NVIDIA Kepler speculation thread

psurge · Feb 26, 2012

I guess you could have something like 4 GPCs, 4 SMs per GPC, 32 wide SMs, 6 TMUs per SM. That keeps the ALU to TMU ratio at close to 6x, as in the GF104 design. Not that I'm convinced or anything, but why would the warp width have to be divisible by the TMU count, given that texturing is decoupled from computation? Also, I assume the OP means 1536 threads per SM, which matches GF100 exactly. 1536 threads for the whole chip cannot be right, and 1536 warps gives 96 threads per ALU (assuming the warp width is still 32, which I think is a safe bet because changing it is liable to hose the performance of a lot of CUDA code). That sounds high.

trinibwoy · Feb 26, 2012

psurge said:
Not that I'm convinced or anything, but why would the warp width have to be divisible by the TMU count, given that texturing is decoupled from computation?

It doesn't have to be but it requires some funky combinations. Like mczak pointed out it's doable with 12 TMUs per SM.

iMacmatician · Feb 26, 2012

This followup post should clear up the TMU stuff, but it definitely sounds like backpedalling….

psurge · Feb 26, 2012

Assuming "funky combination" means a*b TMUs where b still divides the warp width, then my question is - why not something that's totally coprime to the warp width, like say 5 TMUs?

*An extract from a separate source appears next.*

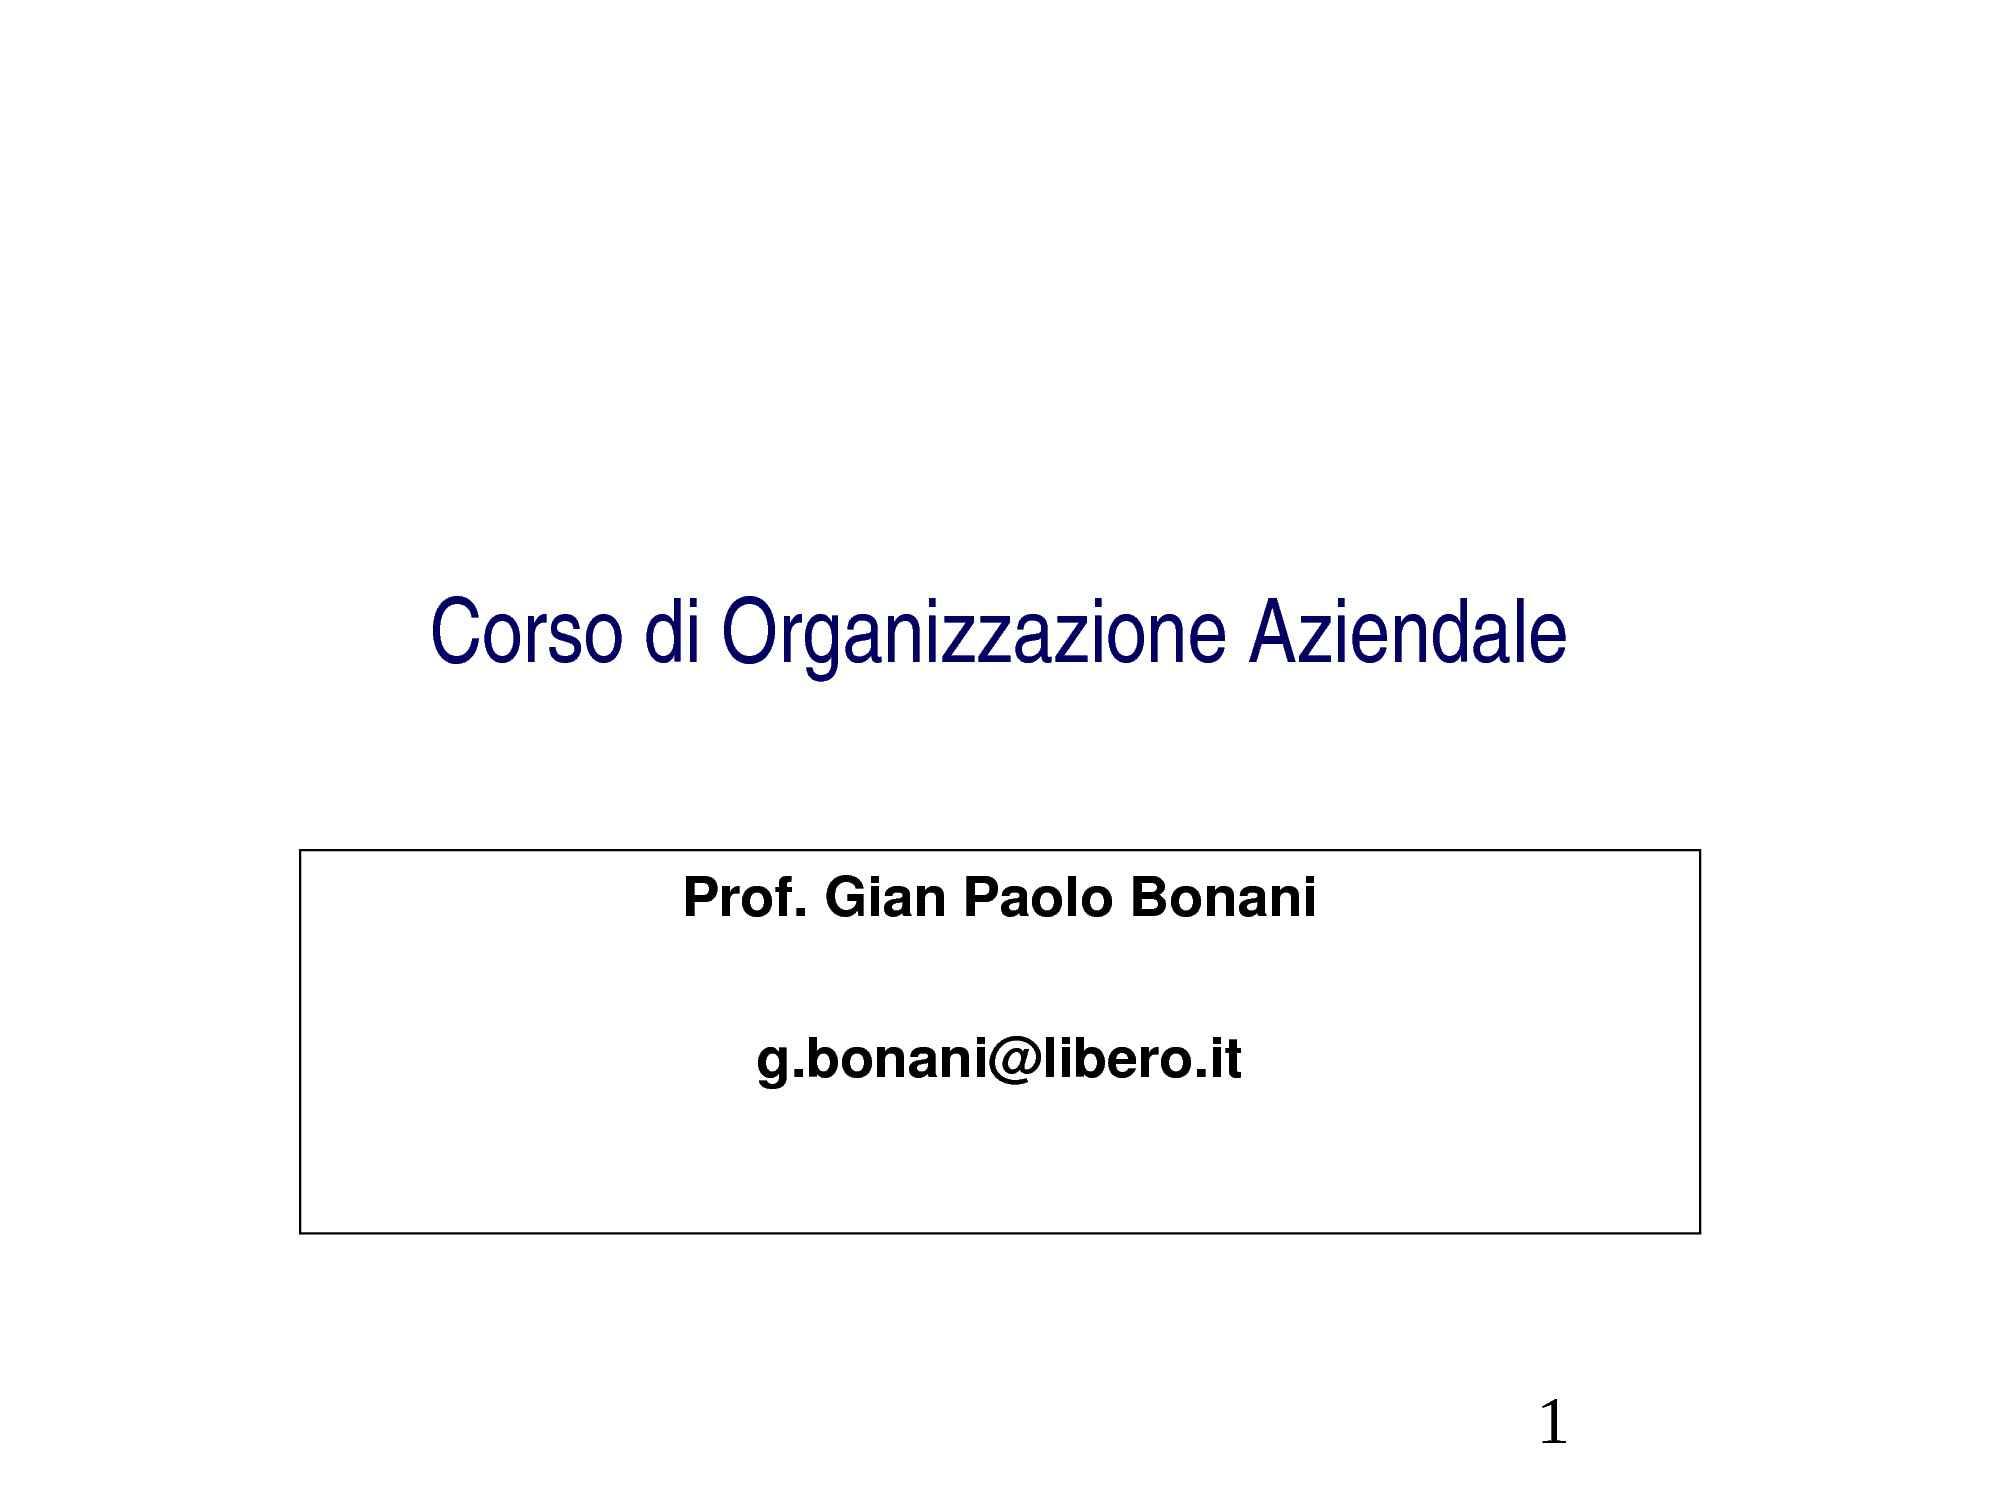 Organizzazione - Idea e struttura
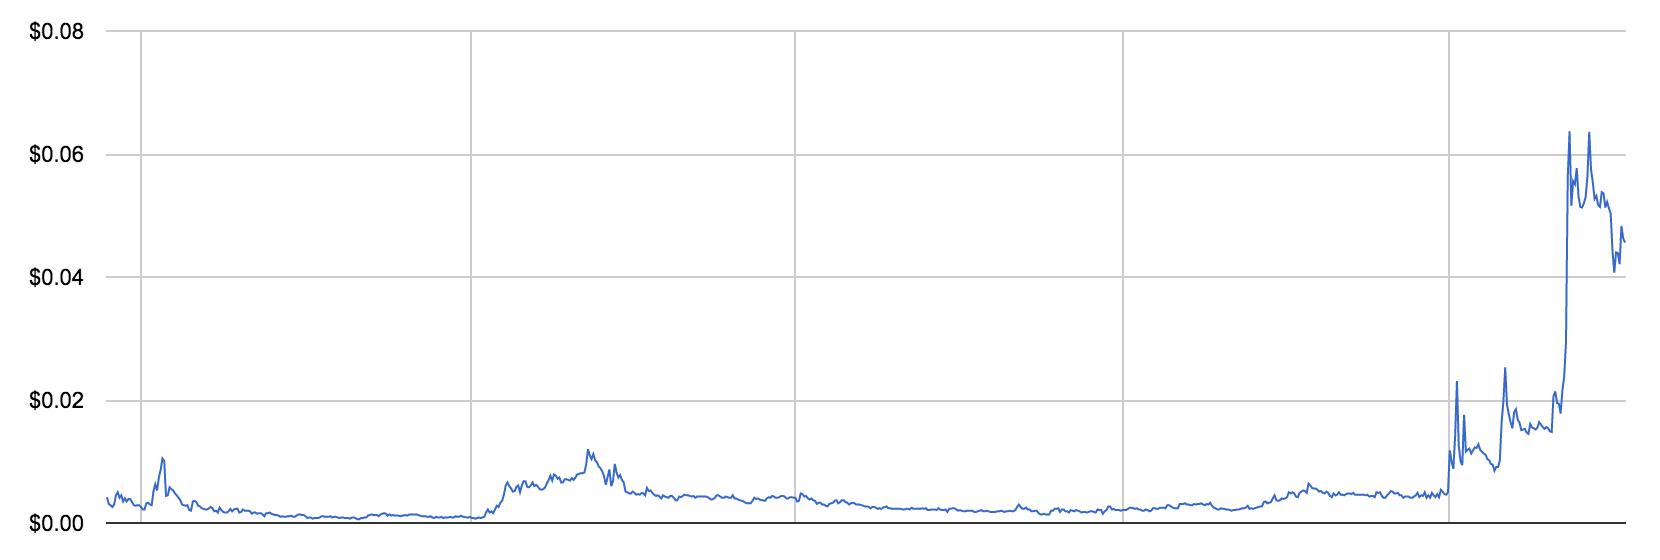 chart-price-nav

It's not like you are guaranteed to get a warp widths worth of requests at a time - for example, a shader might contain if (foo) { texlookup() }.

trinibwoy · Feb 26, 2012

Well not really, by funky I meant "not seen before". As for why 5 TMUs doesn't make sense, it's really hard to imagine any configuration that isn't quad aligned.

chavvdarrr · Feb 26, 2012

iMacmatician said:
For interest only, a user named Seronx on the SemiAccurate forums claims to have GK104 and GK100/110/112 specs from an "undisclosed source."

These specs (including: 2x hot clock, GK104: 512 CC, 0.9-1.0 GHz core clock, GK100/110/112: 1024 CC) are quite different from those of most rumors, and the "1536" number is the number of separate threads the scheduler can work with.

Update: There's more later in the thread.

fake.

CarstenS · Feb 26, 2012

silent_guy said:
And how they're going to hide latency with just 1536 threads. 3 threads per ALU.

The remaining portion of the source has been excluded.